1. Ik ben niet rechthebbend op het graf en ben dat ook nooit geweest. Mijn vader, overleden in 2000, was volgens de administratie wel rechthebbend.
2. Het graf verkeert nog in de oorspronkelijke staat. In afwachting van een eventuele nieuwe rechthebbende mag de begraafplaats het graf ruimen en de dekplaat vernietigen.
3. Van een voorgenomen ruiming van het graf word ik niet tevoren op de hoogte gesteld.
In dat verband werd ook nog gezegd dat ik indertijd niet eens een nieuwe steen op de kelder zou hebben mogen laten neerleggen. Daarvoor zou ik eerst (tegen betaling) nieuwe rechtverkrijgende moeten worden.

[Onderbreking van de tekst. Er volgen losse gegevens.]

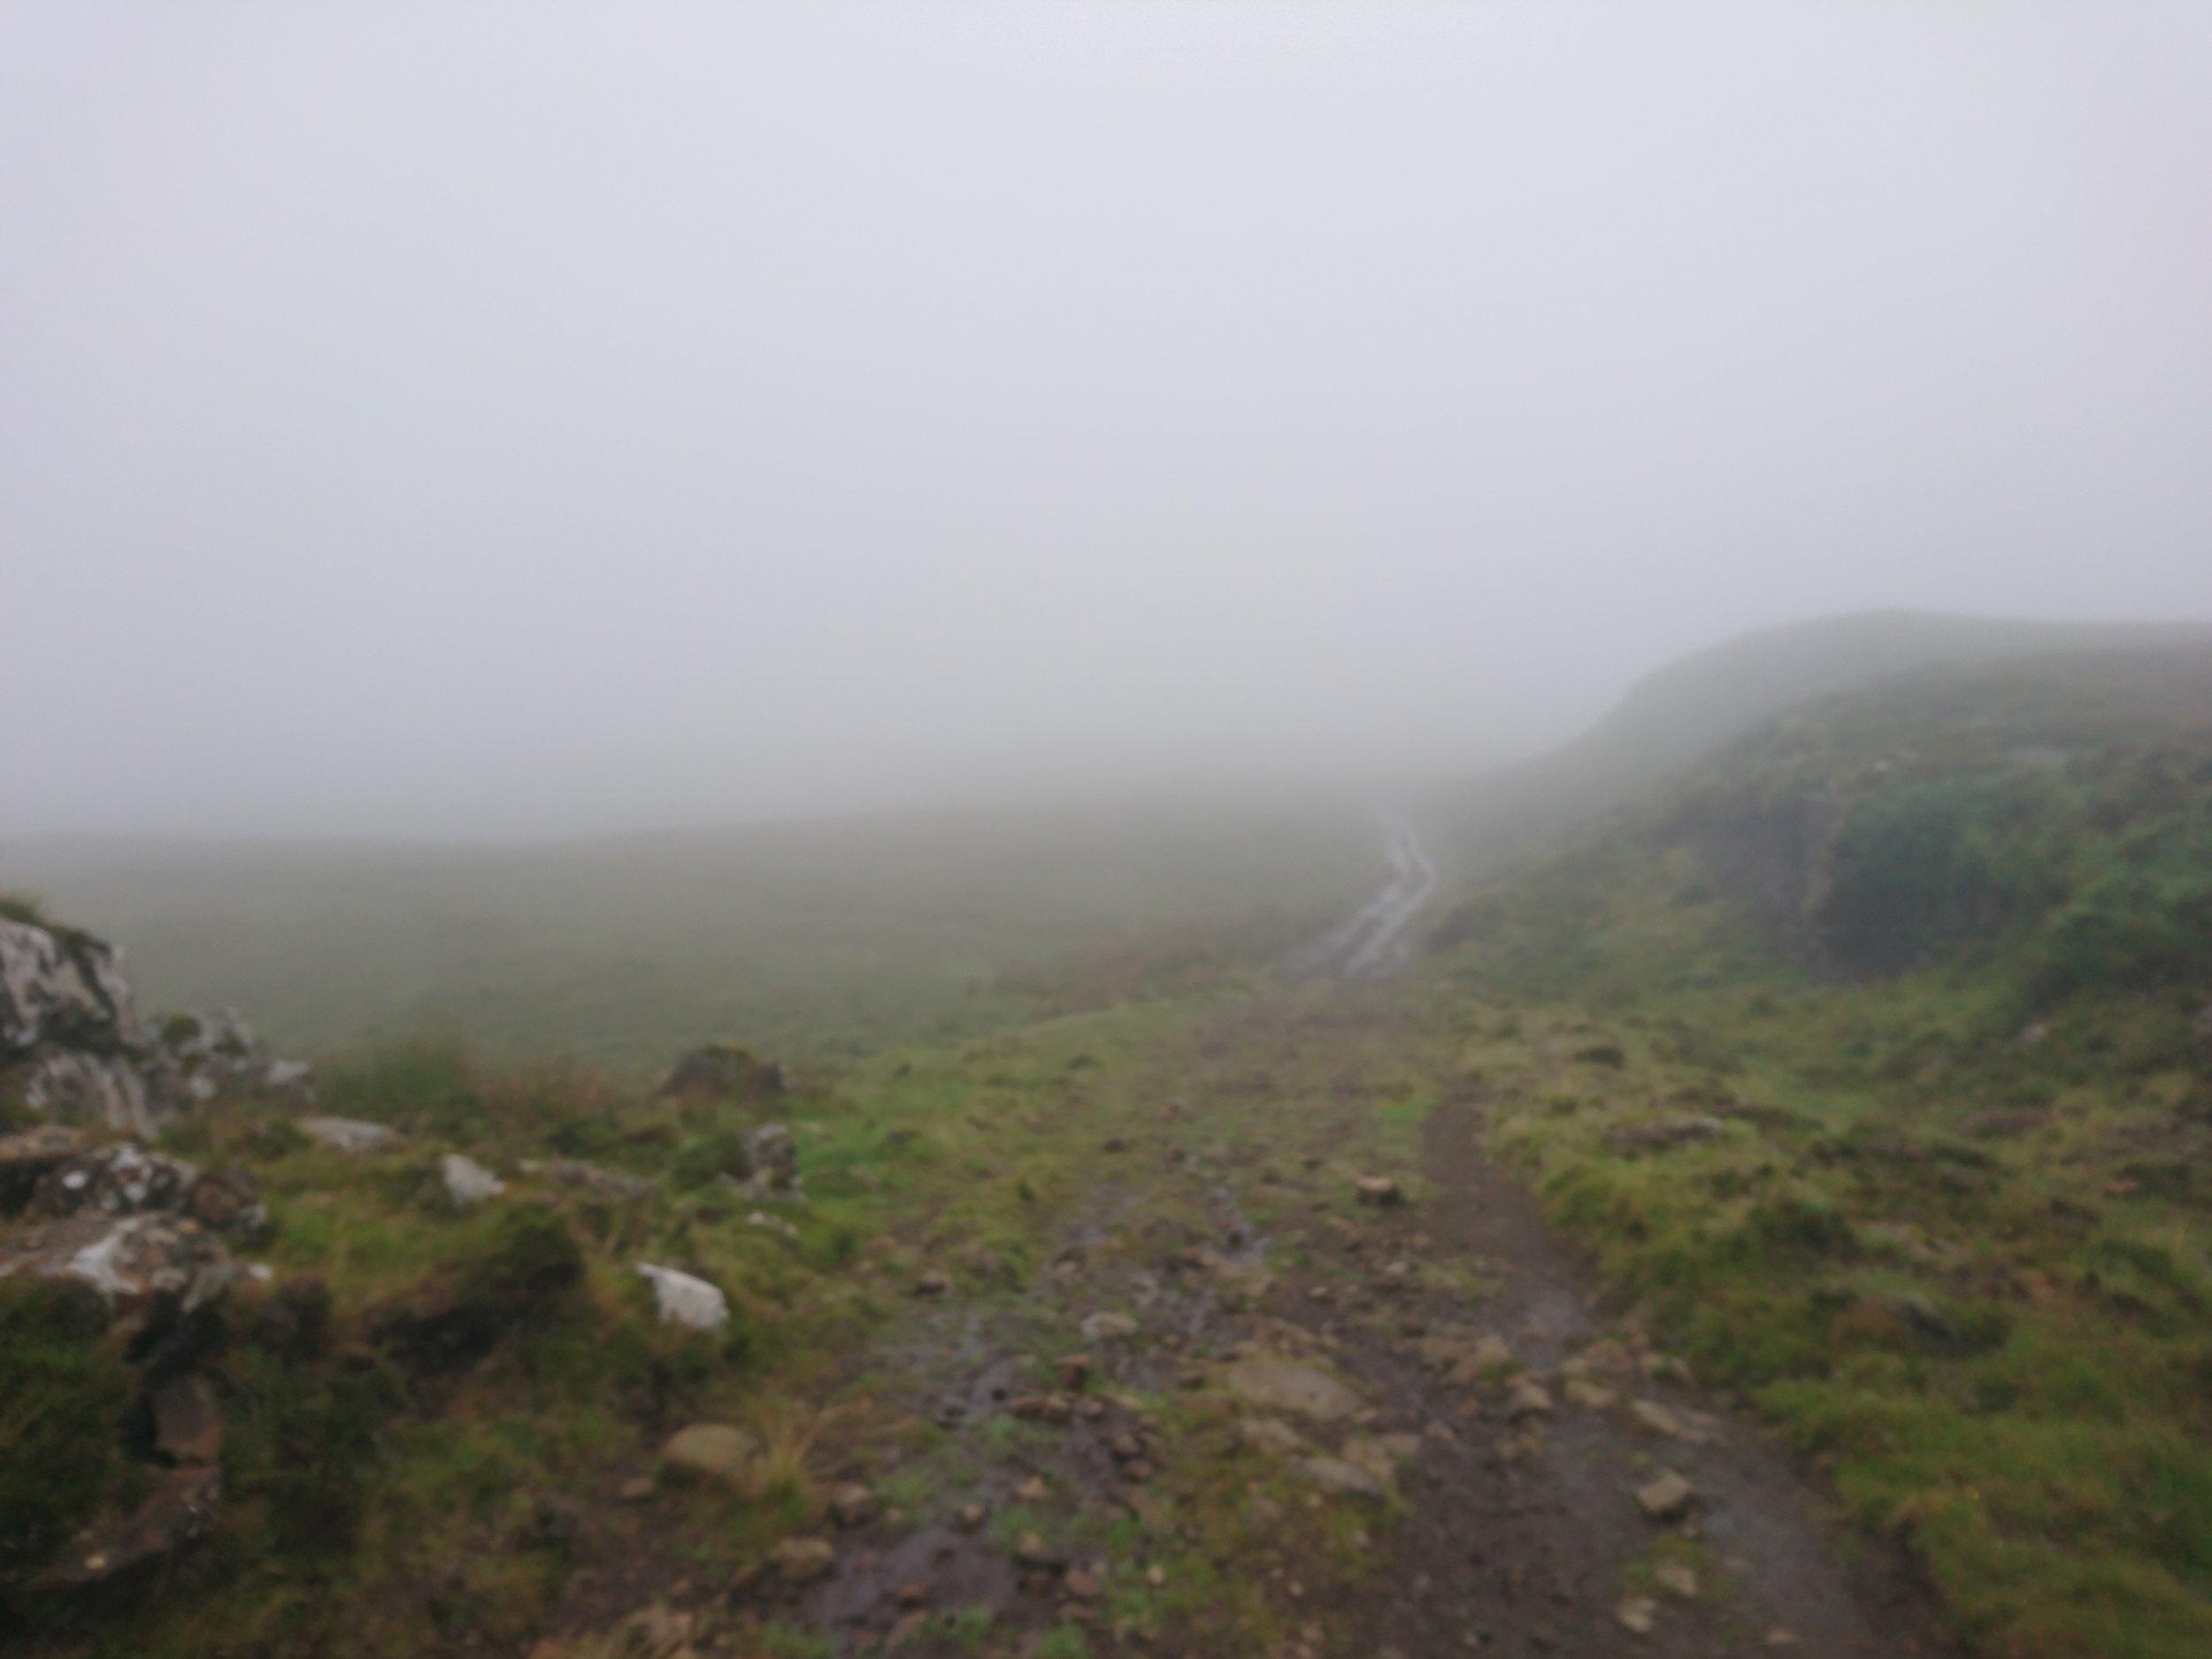 Gravel Track into the Fog

Mijn vraag is nu: waarom heeft de begraafplaats mij indertijd schriftelijk uitgenodigd voor een gesprek over de staat van het graf, mij vervolgens een afstandsverklaring toegestuurd, om mij tenslotte mede te delen: met u hebben wij niets te maken.
Hoogachtend,
XX
Antwoord:
Geachte heer,
In het reglement van de begraafplaats Xxxxxxxxx staat dat indien een grafrecht na het overlijden van de laatste rechthebbende niet binnen een jaar op naam van een nieuwe rechthebbende is overgeschreven, het bestuur het grafrecht vervallen kan verklaren. Als uw vader rechthebbend was en in 2000 overleed had u het recht binnen een jaar over moeten laten schrijven. Maar als dat niet gebeurd is, dat overschrijven bedoel ik, is het nog niet zeker dat de rechten vervallen verklaard zijn. Men moet maar eens aantonen dat dat ook gebeurd is.
Voorts staat in het reglement dat als de termijn verstreken is, het grafrecht alsnog op naam van een nieuwe rechthebbende kan worden gesteld, tenzij het graf inmiddels geruimd is. Dat is nog niet gebeurd, dus ik meen dat u nu kunt vragen het graf op uw naam te stellen.

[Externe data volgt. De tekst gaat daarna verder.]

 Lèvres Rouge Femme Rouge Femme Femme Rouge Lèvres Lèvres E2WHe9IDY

Het is bijzonder merkwaardig dat de begraafplaats wel over uw naam en adres beschikt en u zelfs bent uitgenodigd voor een gesprek over de staat van het graf, terwijl men u niet als rechthebbende zag. Volgens de geest en strekking van de Wlb moet men rechthebbenden of vermoedelijke rechthebbenden proberen op te sporen. Het zou voor de hand gelegen hebben om u te benaderen en te vragen of u de rechten van uw vader over wilde nemen.
Ik zie geen reden om kosten te betalen om rechthebbende te worden. Deze begraafplaats kent het beleid om bij wisseling van de rechthebbende onderhoudsbijdragen te vorderen. Ik kan er maar een ding over zeggen: men kan het alleen vriendelijk vragen, maar niet afdwingen.
Als ik u was zou ik schriftelijk vragen om het graf op uw naam te zetten. U bent geen onderhoudsbijdragen verschuldigd, omdat dat op grond van oude akten niet nodig is. Het nieuwe beleid van de begraafplaats is voor oude graven niet van toepassing. Ik ken de nodige precedenten op deze begraafplaats, waar men heeft toegegeven dat men dat inderdaad niet hard kan maken. Als men toch volhardt, geef ik u in overweging om een klacht in te dienen bij de Ombudsman uitvaartwezen (www.uitvaart.nl/ombudsman).